*** Block opens ***
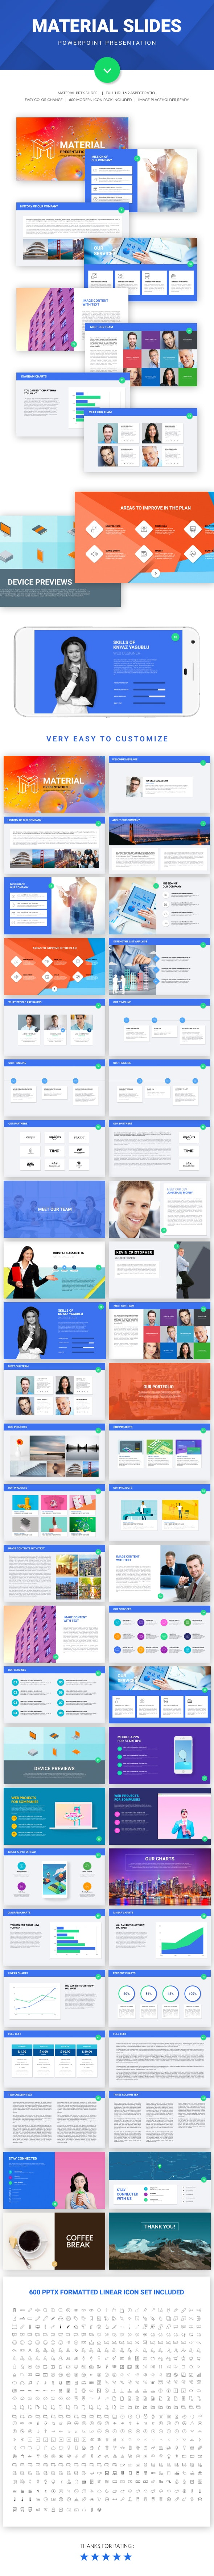 Material Slide Powerpoint Presentation Template - PowerPoint Templates Presentation Templates
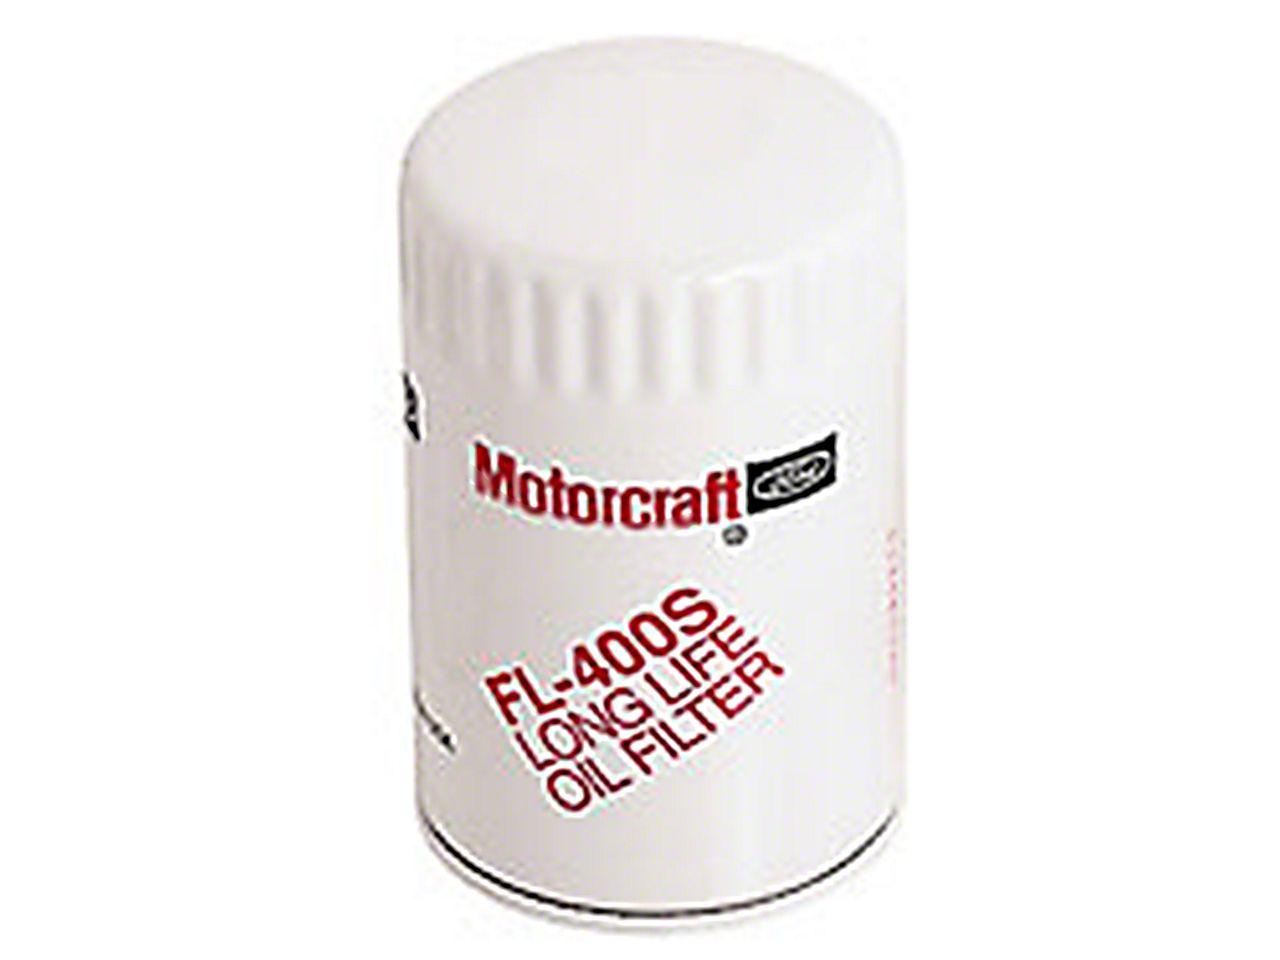 Ford Motorcraft OEM Oil Filter (94-04 V6)
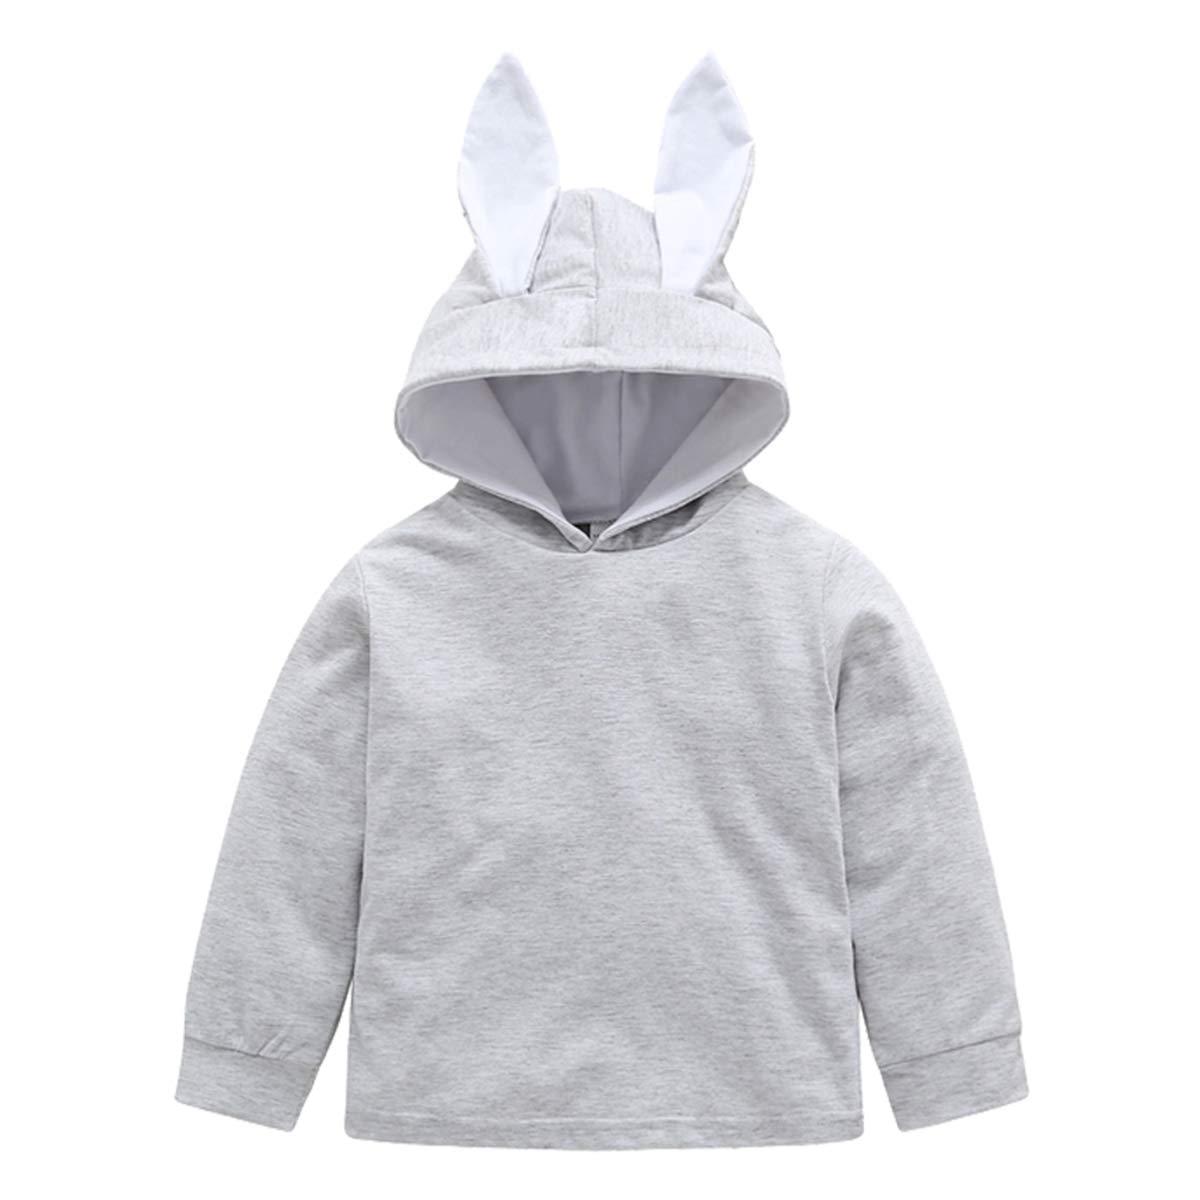 Baby Girl Clothes Hoodie Sweatshirt Solid Long Sleeve Rabbit Ear Outwear
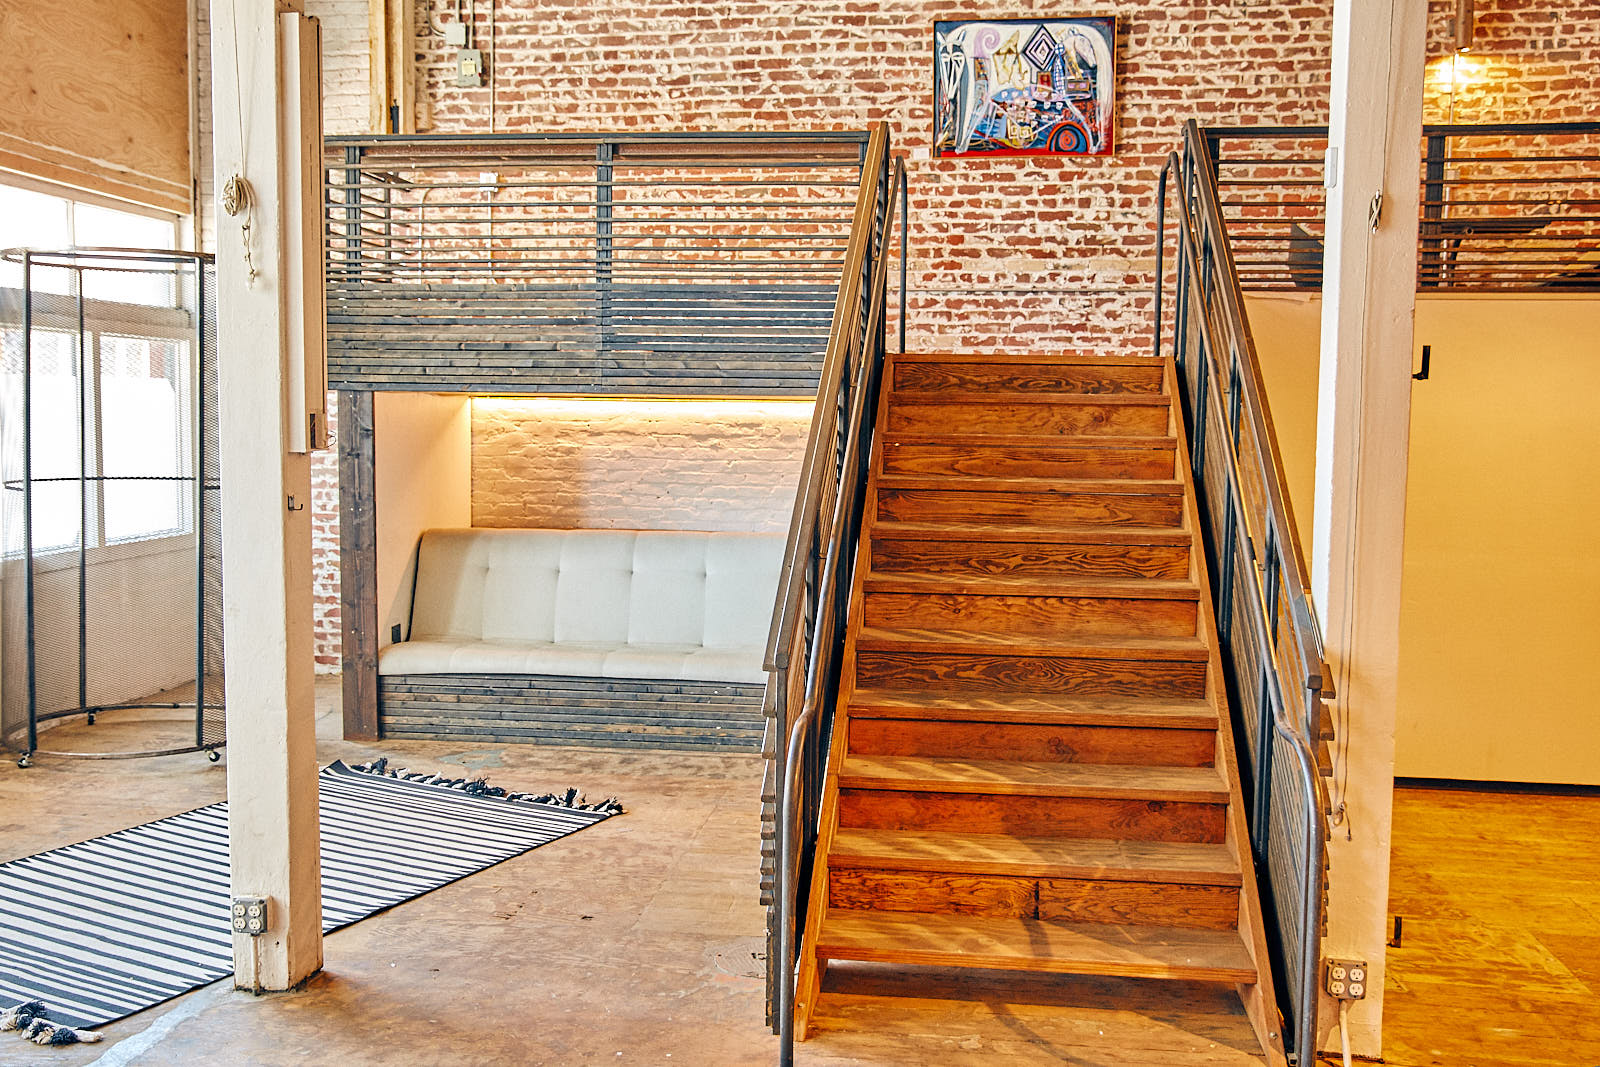 First floor stairs to mezzanine
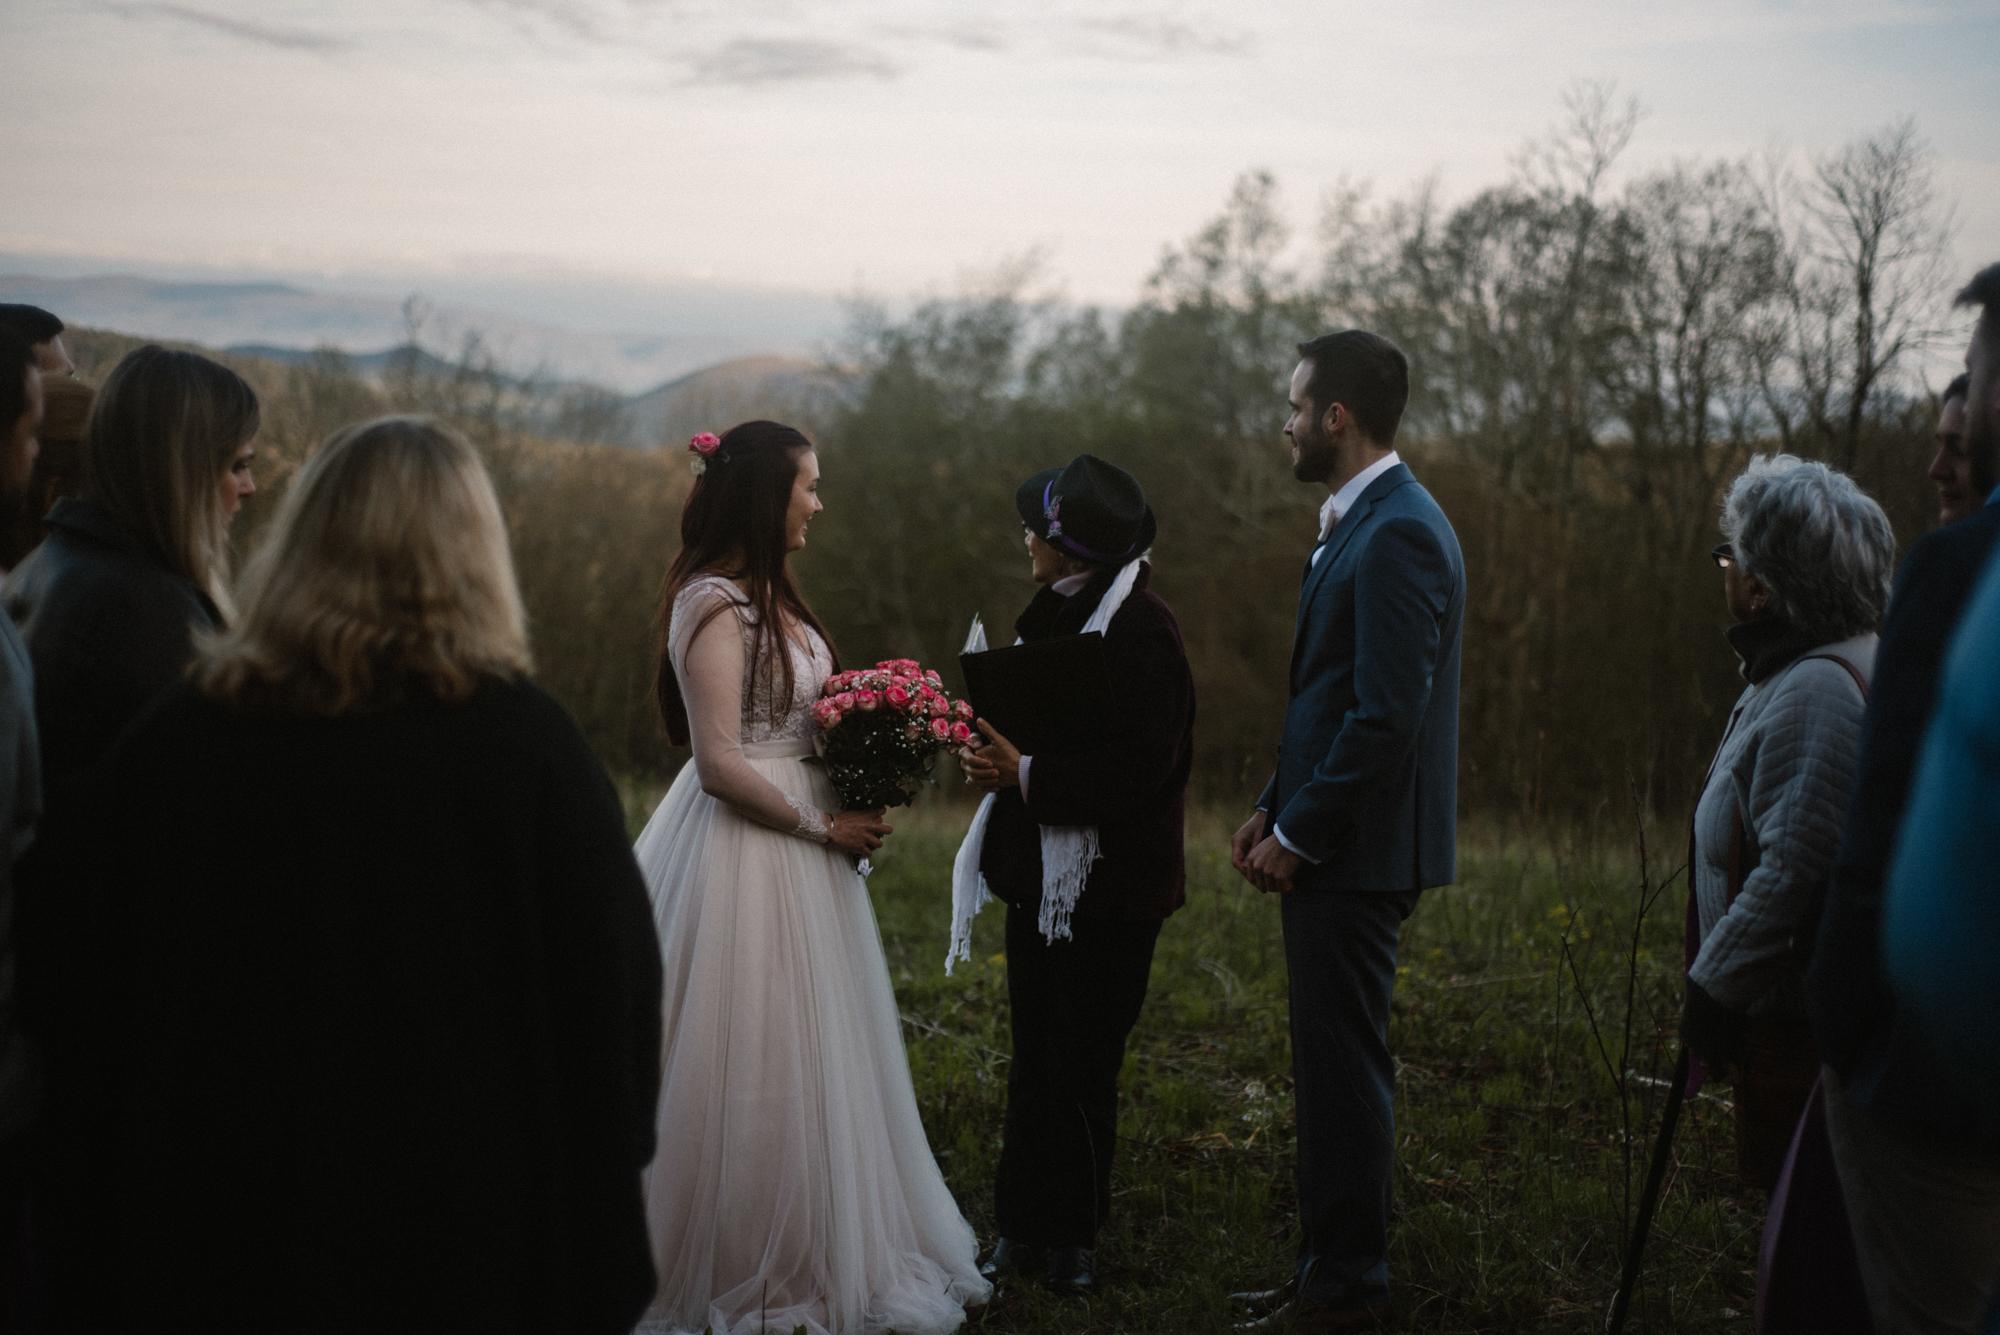 Paula and Andrew - Small Adventurous Wedding in Shenandoah National Park - Blue Ridge Mountain Wedding - White Sails Creative - Mountain Elopement_16.jpg
*** Block closes ***
» Task
Repeat the line that contains "Ford Motorcraft OEM Oil Filter (94-04 V6)" and each line after it, through the last line of the listing, exactly and alone; pictures stay out of the repeat.

» Task solution
 Ford Motorcraft OEM Oil Filter (94-04 V6)
 Baby Girl Clothes Hoodie Sweatshirt Solid Long Sleeve Rabbit Ear Outwear
 First floor stairs to mezzanine
 Paula and Andrew - Small Adventurous Wedding in Shenandoah National Park - Blue Ridge Mountain Wedding - White Sails Creative - Mountain Elopement_16.jpg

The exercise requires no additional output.